Supplied material →
BEGIN

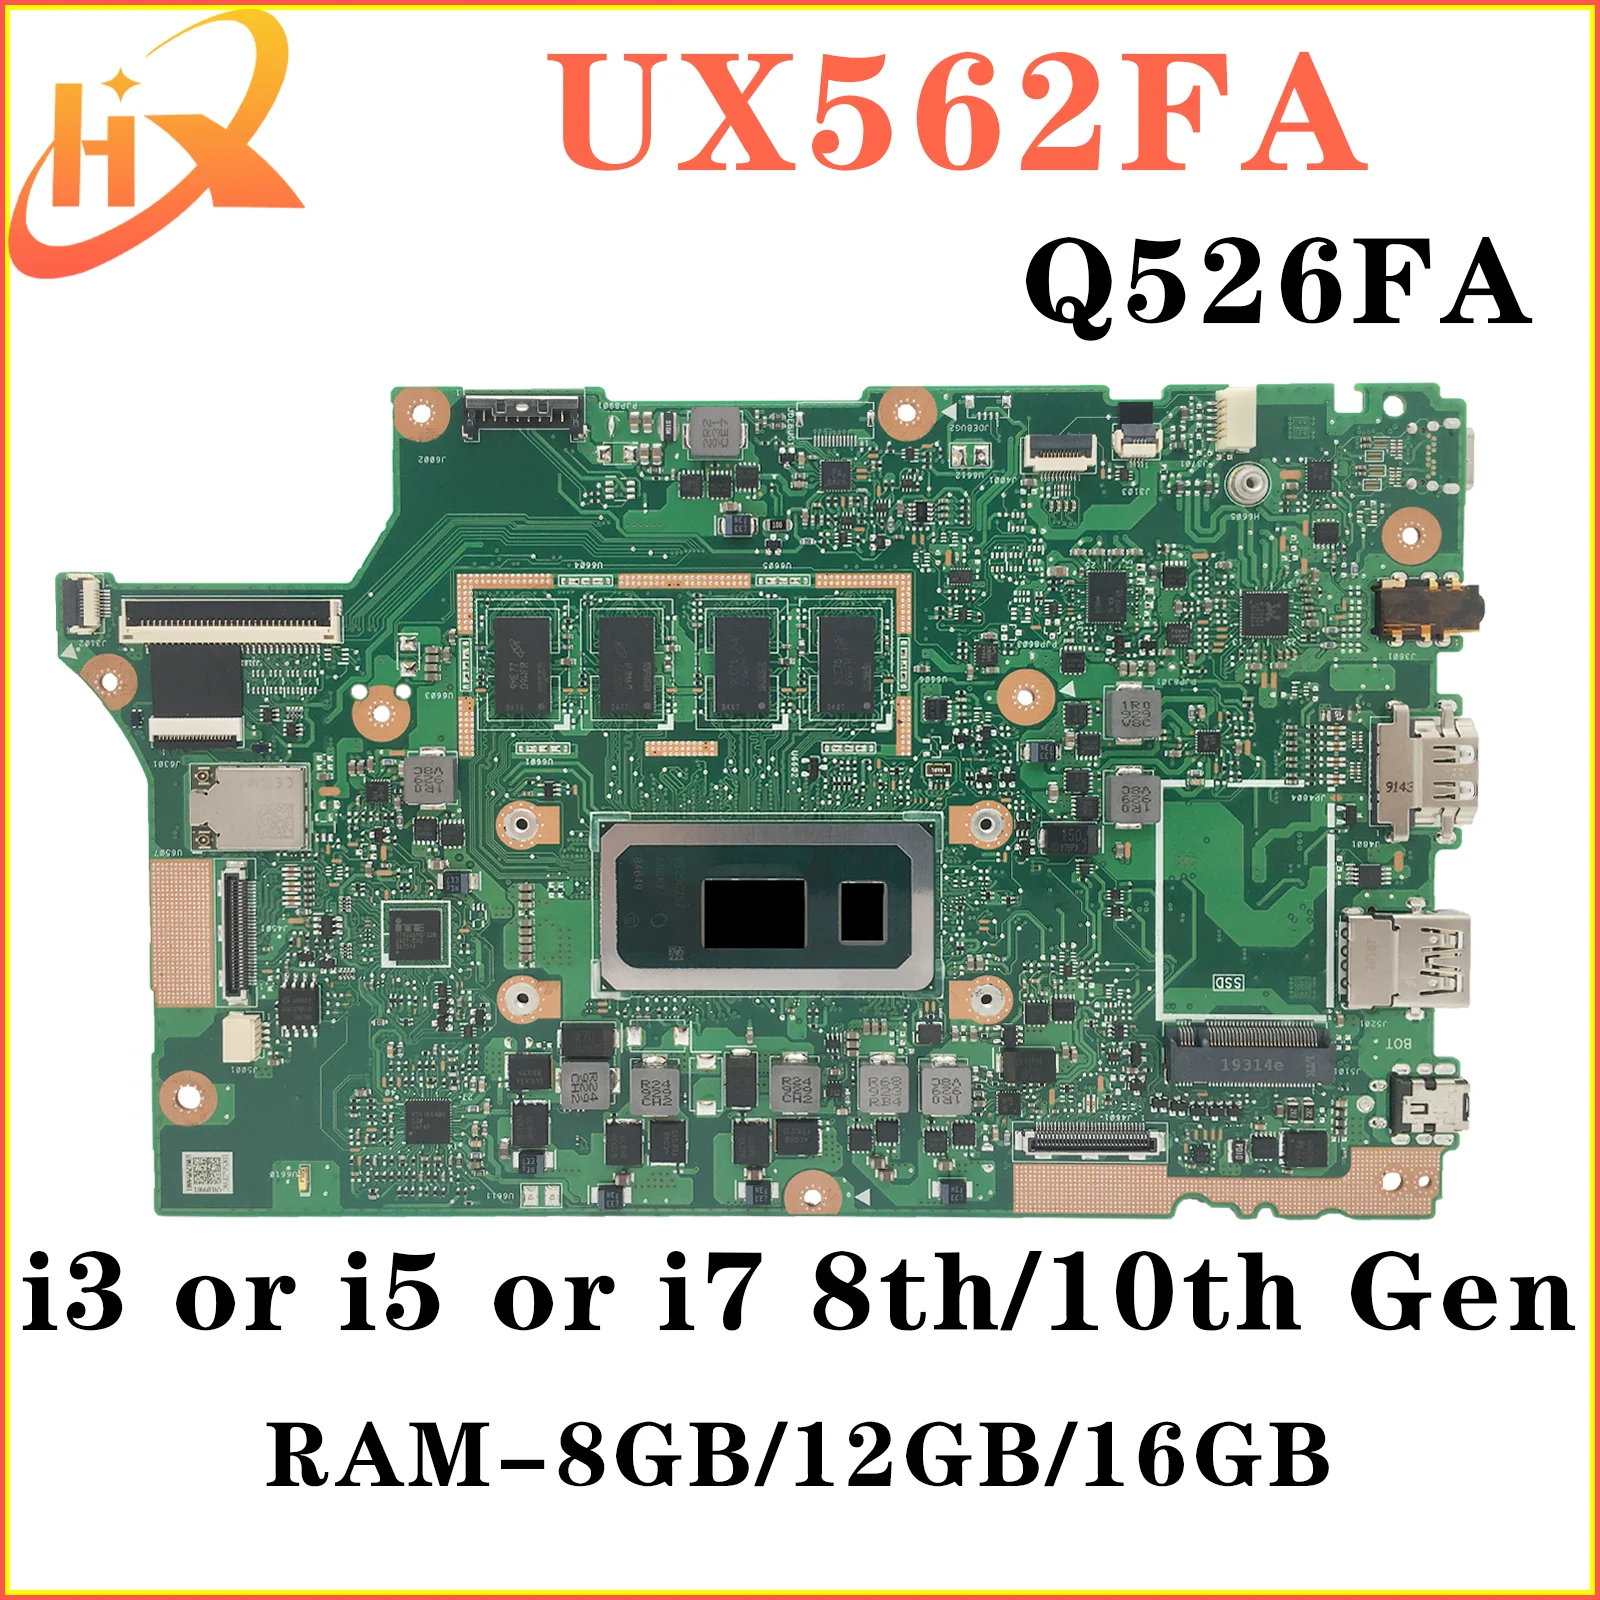 UX562FAC Материнская плата ASUS UX562FA UX562F Q526FA Q526FAC Q526F материнская плата для ноутбука i5 i7 8/10-го поколения RAM-8GB/12GB/16GB материнская плата для ноутбука для rog gl753vd gl753ve fx753v zx753v gl753v gl753 материнская плата для ноутбука i5 i7 7 го поколения gtx1050 gtx1050ti
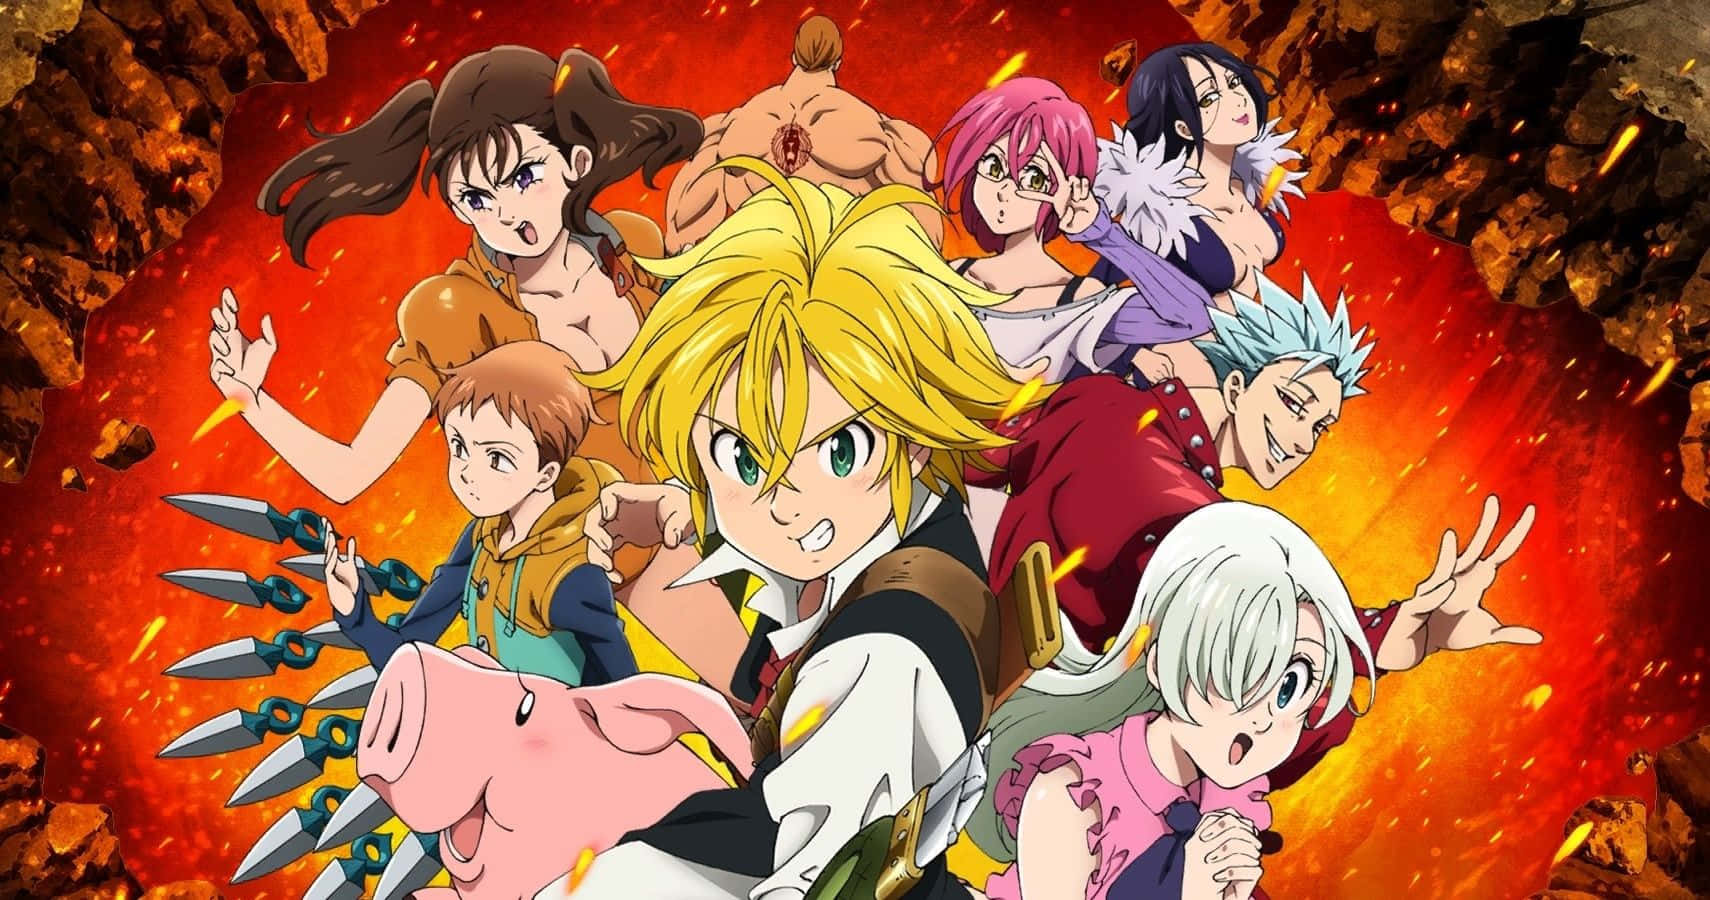 En gruppe af tegn foran et bål fra Fairy Tail Anime.
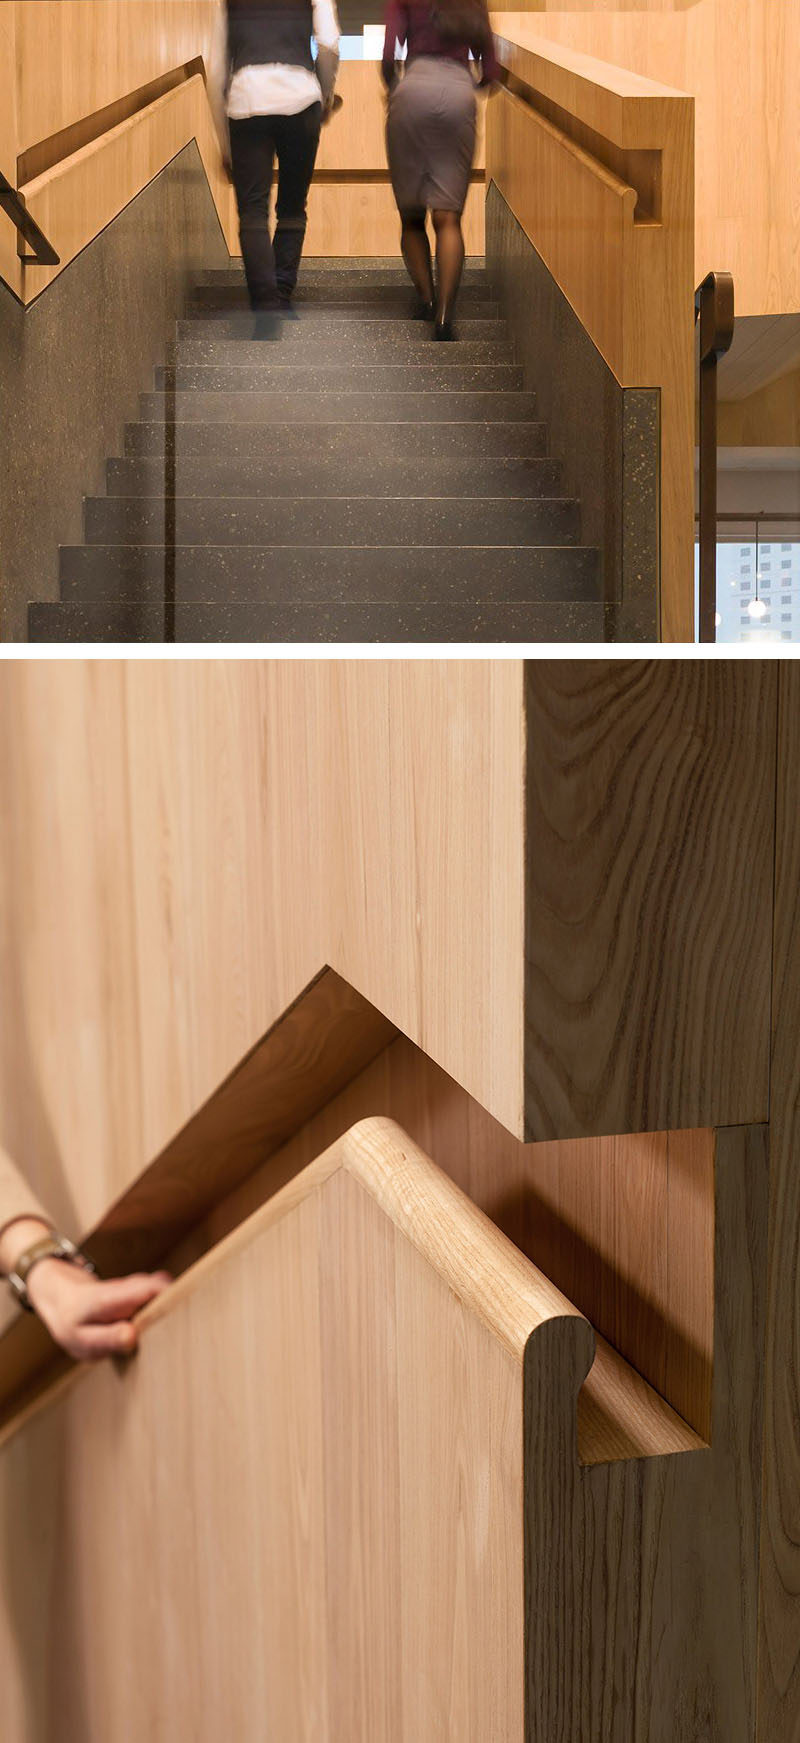 Идеи дизайна лестницы - 9 примеров встроенных перил // В этом офисе в Гонконге переход от латунных перил к встроенным деревянным перилам. #BuiltInHandrail #HandrailIdeas #HandrailDesign #StairDesign # Поручни
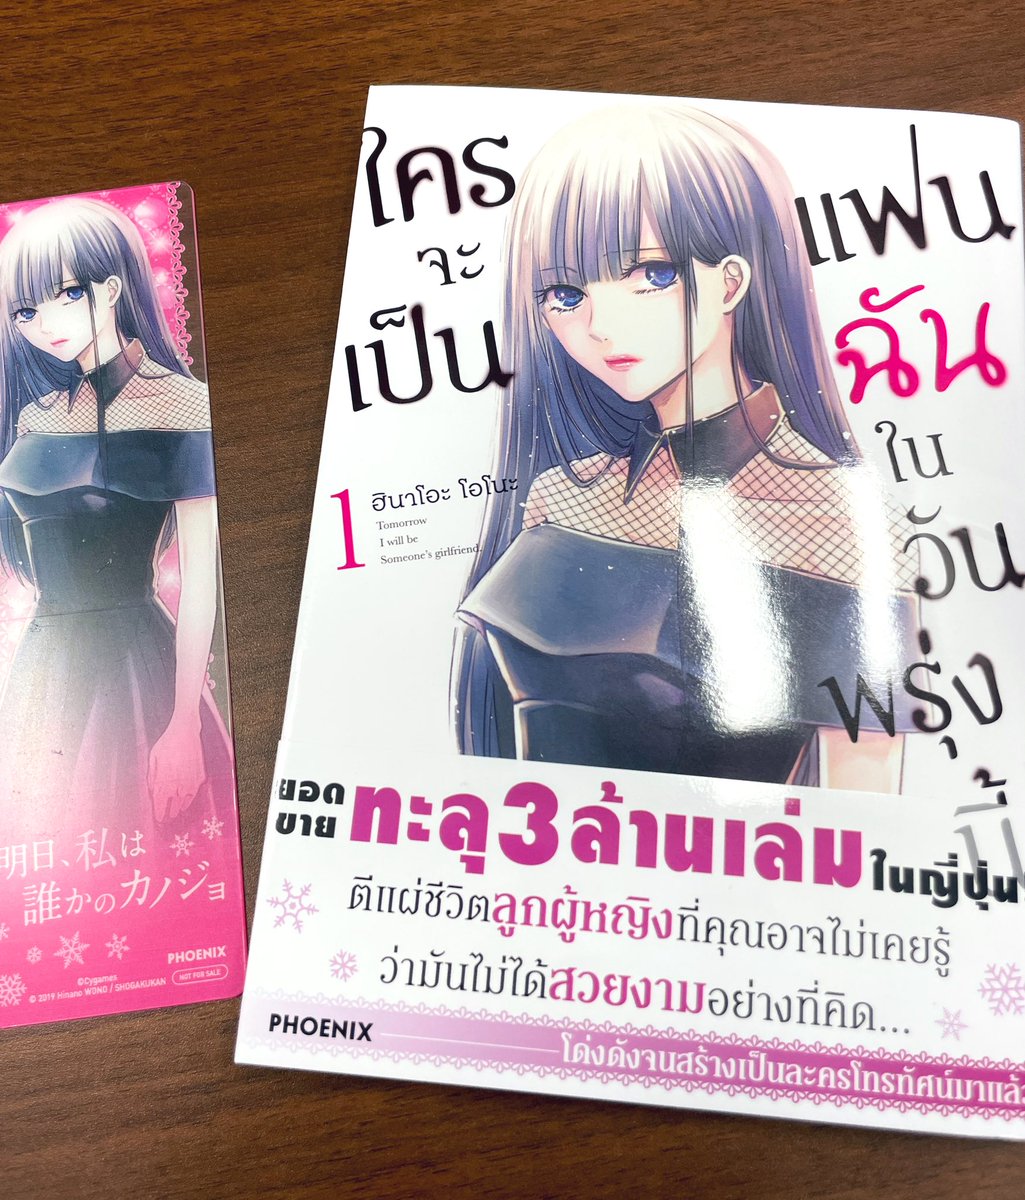 「明日、私は誰かのカノジョ」タイ語翻訳版の献本をいただきました📕 特典でしおりがついてる…! タイの方々にも楽しんで頂けたら幸いです!

END

Exercise aim → Copy the data in full. No pictures belong in the copy.

Written response →
 UX562FAC Материнская плата ASUS UX562FA UX562F Q526FA Q526FAC Q526F материнская плата для ноутбука i5 i7 8/10-го поколения RAM-8GB/12GB/16GB материнская плата для ноутбука для rog gl753vd gl753ve fx753v zx753v gl753v gl753 материнская плата для ноутбука i5 i7 7 го поколения gtx1050 gtx1050ti
 En gruppe af tegn foran et bål fra Fairy Tail Anime.
 Идеи дизайна лестницы - 9 примеров встроенных перил // В этом офисе в Гонконге переход от латунных перил к встроенным деревянным перилам. #BuiltInHandrail #HandrailIdeas #HandrailDesign #StairDesign # Поручни
 「明日、私は誰かのカノジョ」タイ語翻訳版の献本をいただきました📕 特典でしおりがついてる…! タイの方々にも楽しんで頂けたら幸いです!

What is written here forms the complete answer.